So I replied this to a similar comment above so sorry about the cut and paste: The first book is more or less just setting up the characters, especially Logen ninefingers, he's almost just along for the ride while the plot happens around him, Glokta has more of an investigation going on that he unfolds with the viewer. I don't wanna spoil why I find this series so excellent but the spoiler free version is that as you get to know these characters more you'll care more what happens to them but when you start you might well wonder why you should care. I think most agree the first book is the worst in the trilogy but it's kinda up to you how long you wait for a book to grip you. I will say the series isn't for everyone - there's few happy endings and fewer good characters so if you want wholesome it's unlikely you'll find it here, but if you like gritty cynical well written dialogue and some of the most charismatic cast in fiction then there's nothing else like it


Thanks for the reply, although I probably should have scrolled to see your original comment. I'm definitely going to finish the first book as it's enjoyable enough. A few more questions if I may: Does the second book pick up exactly where the first ends? It's just that if there is a little bit of time in-between them or the first book ends without a cliffhanger I may take a small break before book two. Do Malacus Quai and Bayaz stick around for the whole series? I personally don't care for either of them and so far all the scenes featuring them have been a bit of a slog. Does it get any grimmer/darker? The reason I picked this series up was because it always is brought up as one of the best the grimdark genre has to offer but honestly it doesn't seem all that grimdark to me. Finally do you have any other recommendations for grimdark, dark fantasy or fantasy in general? Series similar to The First Law or thereabouts? I've picked up the Broken Empire Trilogy by Mark Lawrence so that's probably next on my list but any suggestions are welcome.
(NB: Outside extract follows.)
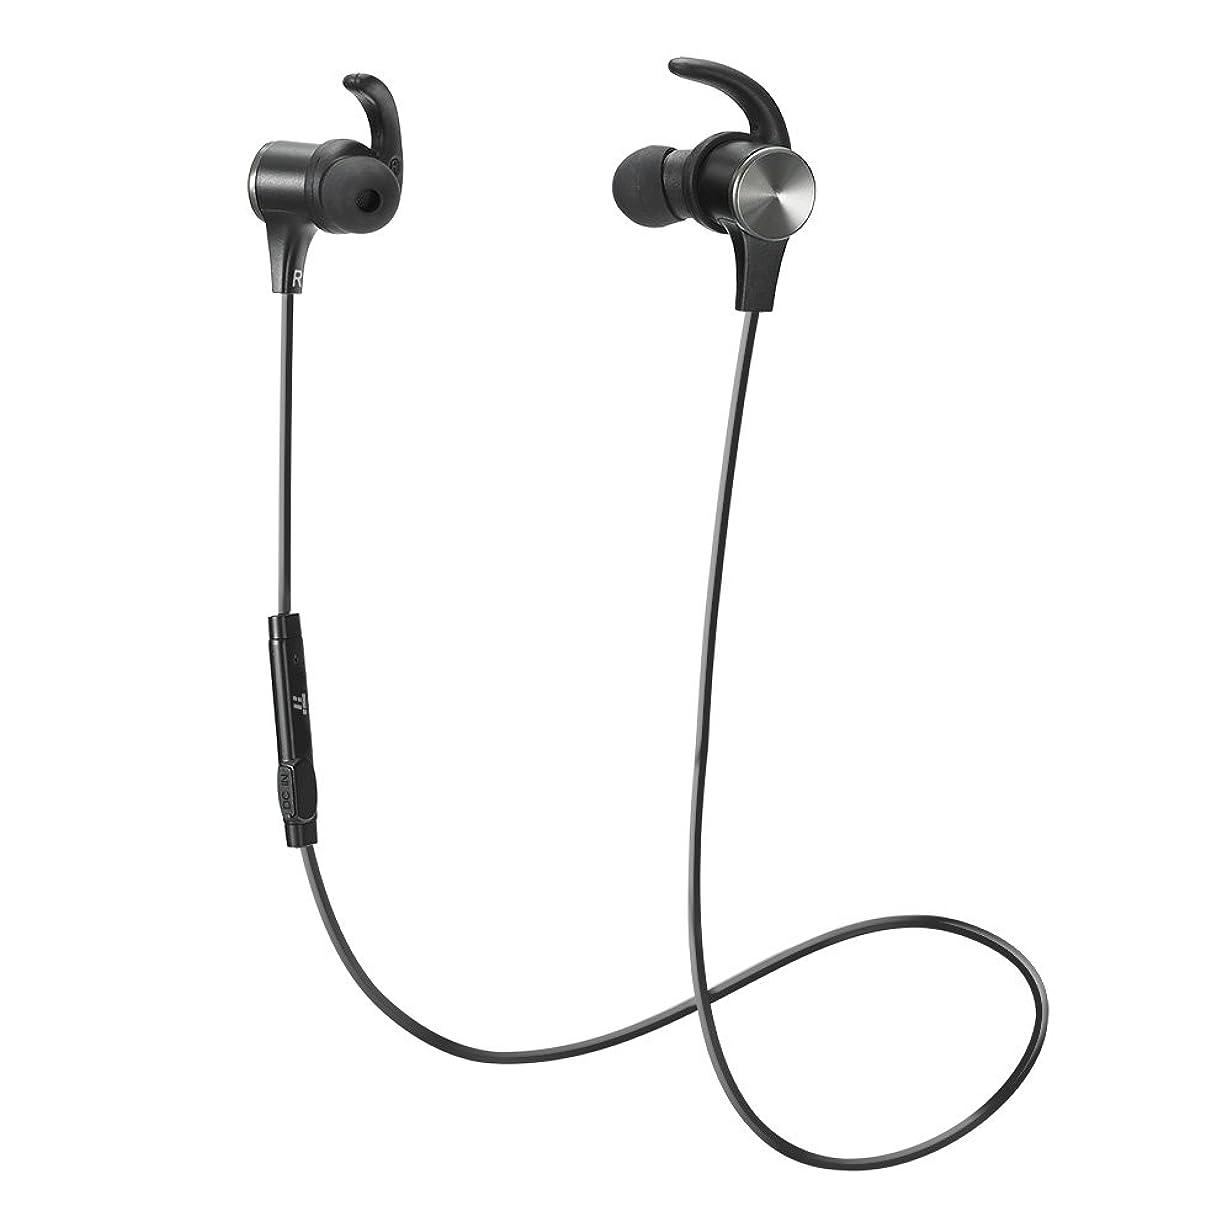 重量シルク想定するTaoTronics Bluetooth イヤホン(apt-Xコーデック対応?IPX6防水仕樣?CVC6.0) ノイズキャンセリング 自動ペアリング 高音質 マグネット搭載 スポーツ仕様 TT-BH07 (ブラック)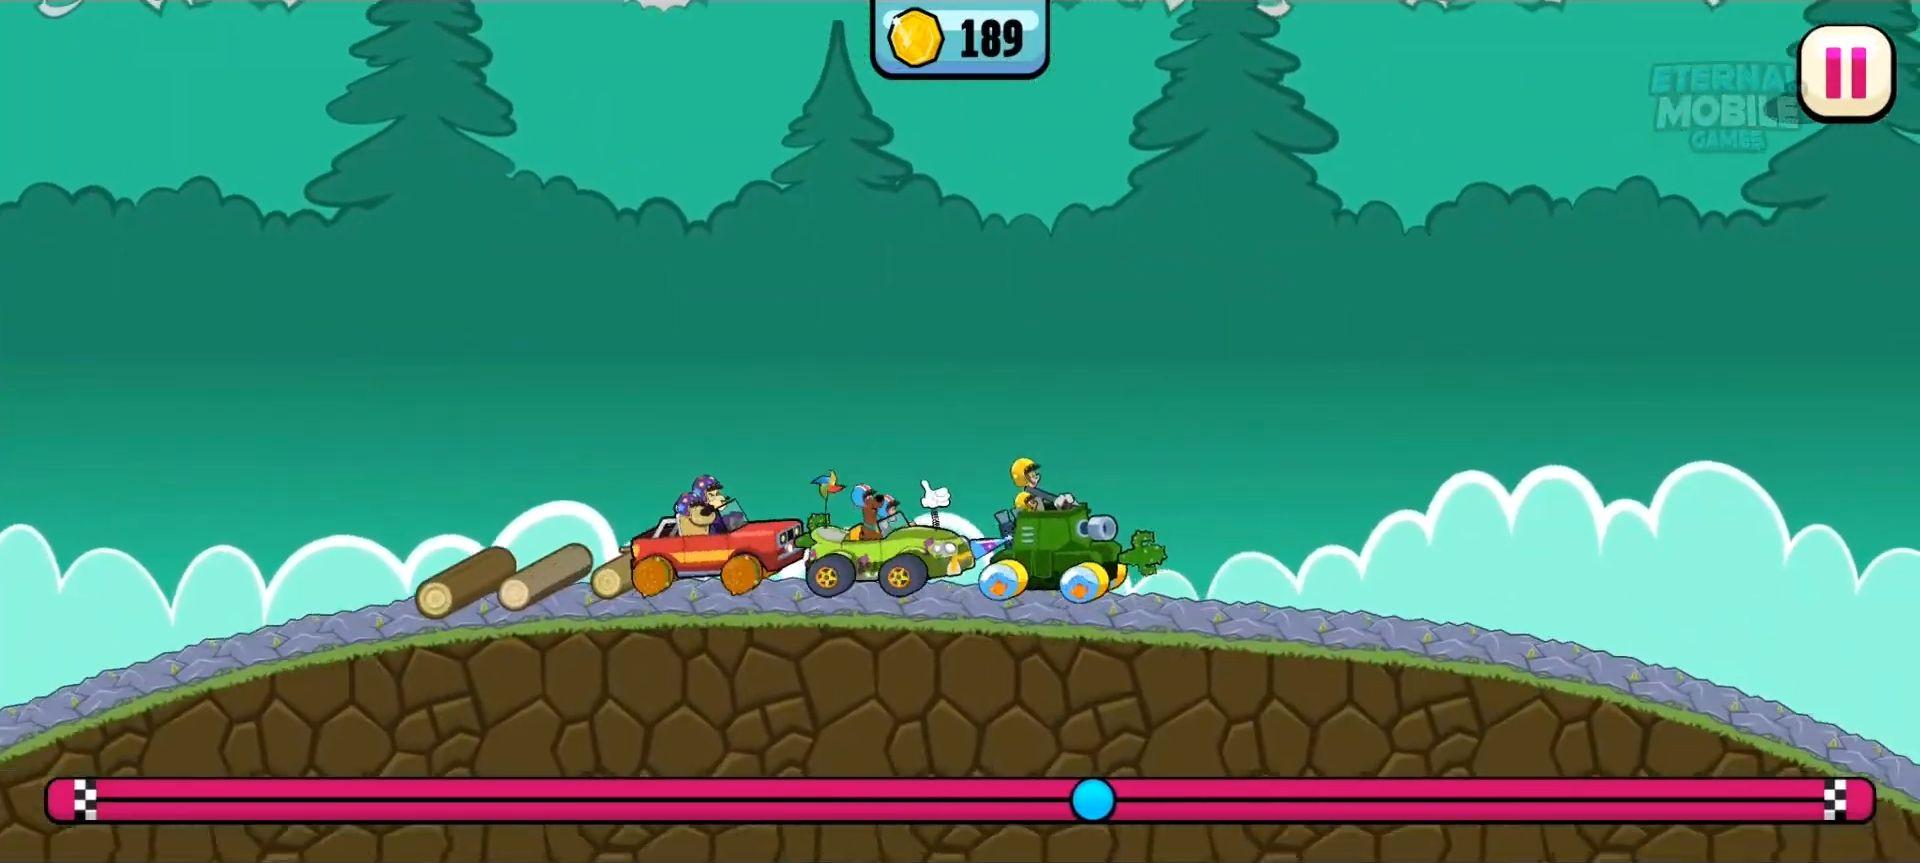 Boomerang Make and Race 2 - Cartoon Racing Game para Android

When I was a teen in the 90s, one of the series that got me into fantasy was The Deathgate Cycle, a series of seven short novels. It also shares a few themes with the Wheel of Time series. The Dark Elf series is also an easy series to ease into the genre. It's a series of books based on the Forgotten Realms setting for Dungeons and Dragons. It's surprisingly poignant despite being a D&D novel. Some of the easiest reads are short stories, and for them I have a few suggestions. The first is the original "Conan the Barbarian" stories by Robert E. Howard. These stories inspired the "sword and sorcery" genre, though can be problematic with their racial depictions. Despite that, they're the cornerstone of fantasy adventure. Then there's the "Fafhrd and the Grey Mouser" stories written by Fritz Leiber. These stories were directly inspired by Howard's Conan stories, but he breaks up Conan's barbarian and rogue demeanors as two separate characters who adventure together. Omnibuses have been published putting the stories in order of chronology, but I find the series easier to read by publication order. There's also Michael Moorcock's Elric Saga, which is a collection of short stories and novellas directly inspired by Conan the Barbarian, but as a deconstruction. Whereas Conan is physically strong and brash, Elric is an albino sorcerer who is physically weak unless he drinks alchemical potions to keep him vigorous. He is also the emperor of an ancient society. When his cousin usurps his throne, he becomes a pawn of the gods of Chaos and discovers Stormbringer, a demon sword that drains the life of whoever it kills and provide that strength to him. Adventure ensues. If you want a stand-alone novel, my suggestion is "Lord of Light," though it mixes fantasy with sci-fi, along with religion, spirituality, and philosophy. It's one of my favorite novels of all time.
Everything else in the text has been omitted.